Umut, “potansiyel mutluluk”tur.

Ekrem İmamoğlu ile Türkiye, daha özel olarak İstanbul, böylesi bir potansiyelin, yani “gizilgüç”ün açığa çıktığı bir durumu, güçlü mü güçlü bir mutluluğu deneyimliyor.

Laik topluma bir “nefes”

Ekrem İmamoğlu, 2013 Haziran’ındaki Gezi Olayları akabinde bu ülkenin içerisine düştüğü alacakaranlık halinin, karamsarlığın, umutsuzluğun, dolayısıyla mutsuzluğun sonuna varıldığını düşünmeye imkân veren bir “nefes” olarak karşımızda bugün…

Elbette bu toprakları kutuplaştırıp birbirine düşürmeye hevesli şedit, öfke dolu, ağzından adeta yanardağ lavları saçan bir siyaset anlayışının, üstelik ne yapıyorsa dinbazlık sosuna bulayarak yapan bu anlayışın daha eskiye giden bir tarihi var. Dedik ya, İstanbul çeyrek asırdır yukarıda sıralanan karakteristiklerle hareket eden bir siyaset erbabının irade ve tasarruflarıyla tarûmar!..

Ama bu siyaset anlayışının, kültürel olarak heterojen ve melez Türkiye toplumuna açık seçik, ayan beyan, hoyratça ve fütursuzca, hayatın tek ölçüsü olarak dini dayatmaya dönük totaliter tavrı, Gezi’yi tetikleyecek mahiyette 2013’ten itibaren söz konusu oldu. Hatırlayalım Gezi Parkı olaylarının başladığı 2013 Haziran’ı öncesinde o dönemin AKP İl Başkanı Aziz Babuşçu’nun Nisan 2013’te sarf ettiği şu sözleri:

“10 yıllık iktidar dönemimizde bizimle şu ya da bu şekilde paydaş olanlar gelecek 10 yılda bizimle paydaş olmayacaklar. Gelecek, inşa dönemidir. İnşa dönemi onların arzu ettiği gibi olmayacak.”

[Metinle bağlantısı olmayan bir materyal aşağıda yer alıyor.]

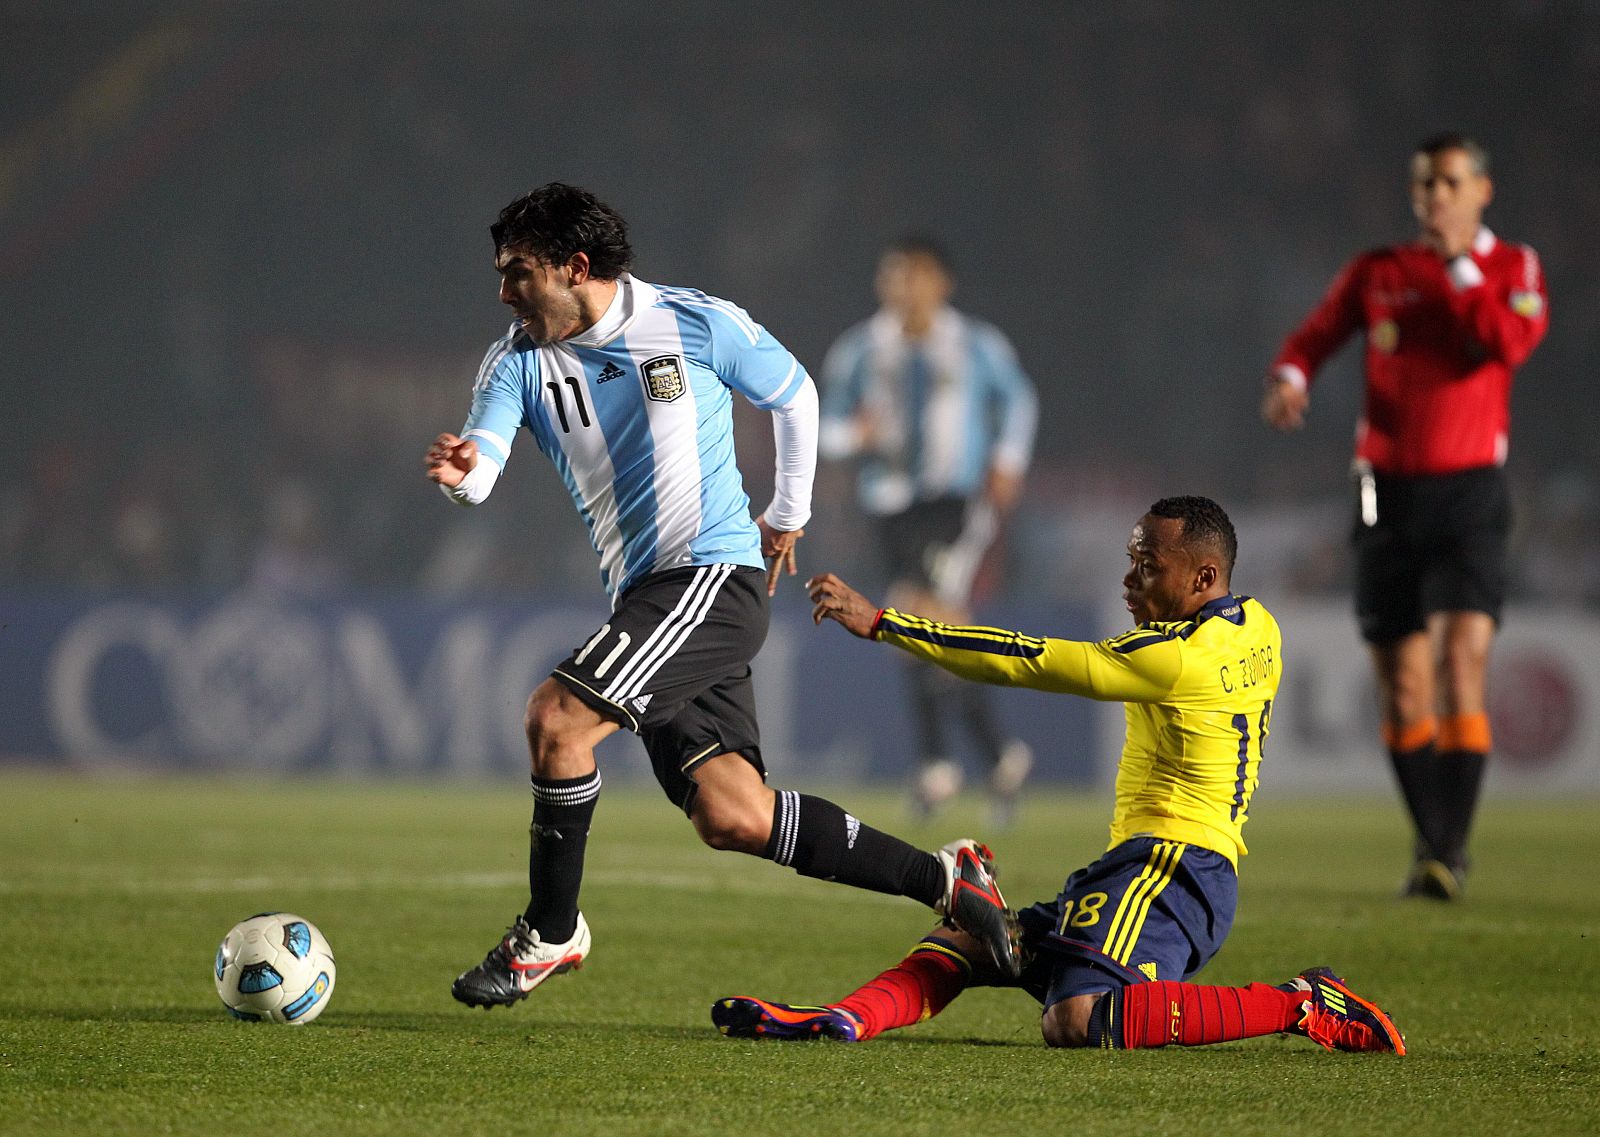 El jugador de la selección de Argentina de fútbol Carlos Tévez (izq) disputa el balón durante un partido de la segunda jornada del grupo A de la Copa América Argentina 2011
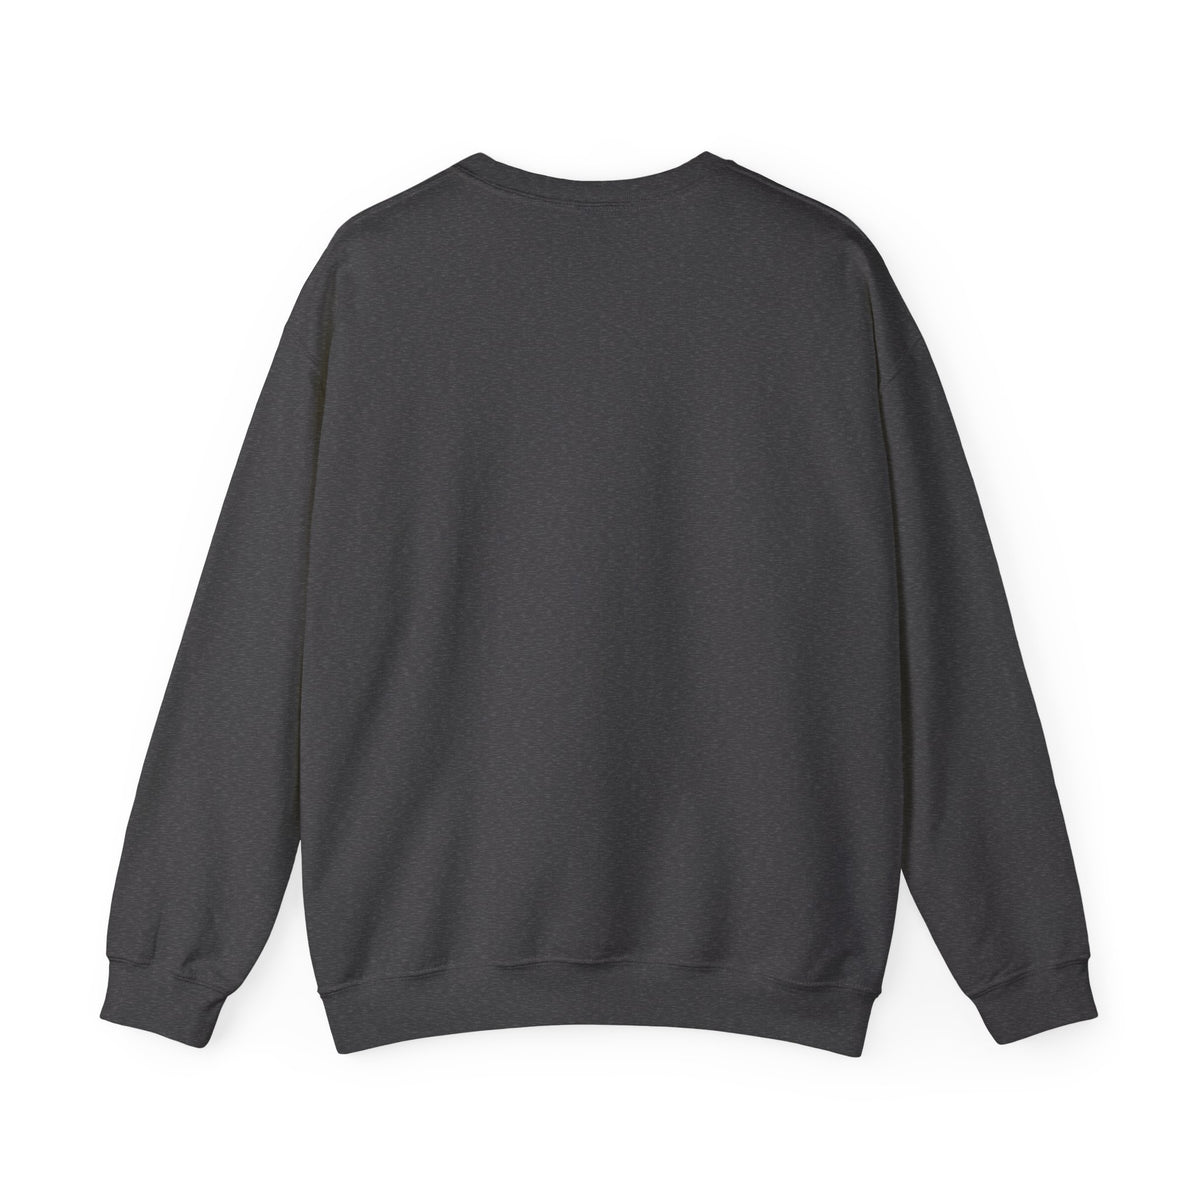 Mama Crewneck Sweatshirt | Mama and Mini Matching Sweatshirts

Tam da bu sözlerin ardından gelmişti günlük hayata yönelik dinbaz-politik bir garezle yapılan müdahaleler: Kürtaja karşı lanetleyici kampanyalar; içki içen insanları aşağılayıp şeytanlaştırmalar, onlara “İçeceksen git evinde iç” diye azar çekmeler; “Kafa kıyak gençlik istemiyoruz” demeler; kız öğrencilerin etek boylarıyla uğraşmalar; “Kızlı erkekli alem yapıyorlar” yalanlarıyla linç davetiyeleri çıkarmalar; el ele kol kola yürüyen, öpüşen koklaşan gençlere müdahaleler, vs. vs. vs.

(Elbette diğer tarafta da holdingleşen tekkeler, tacizci vakıflar, “Bakara-makara”cı partililer ve daha neler neler!..)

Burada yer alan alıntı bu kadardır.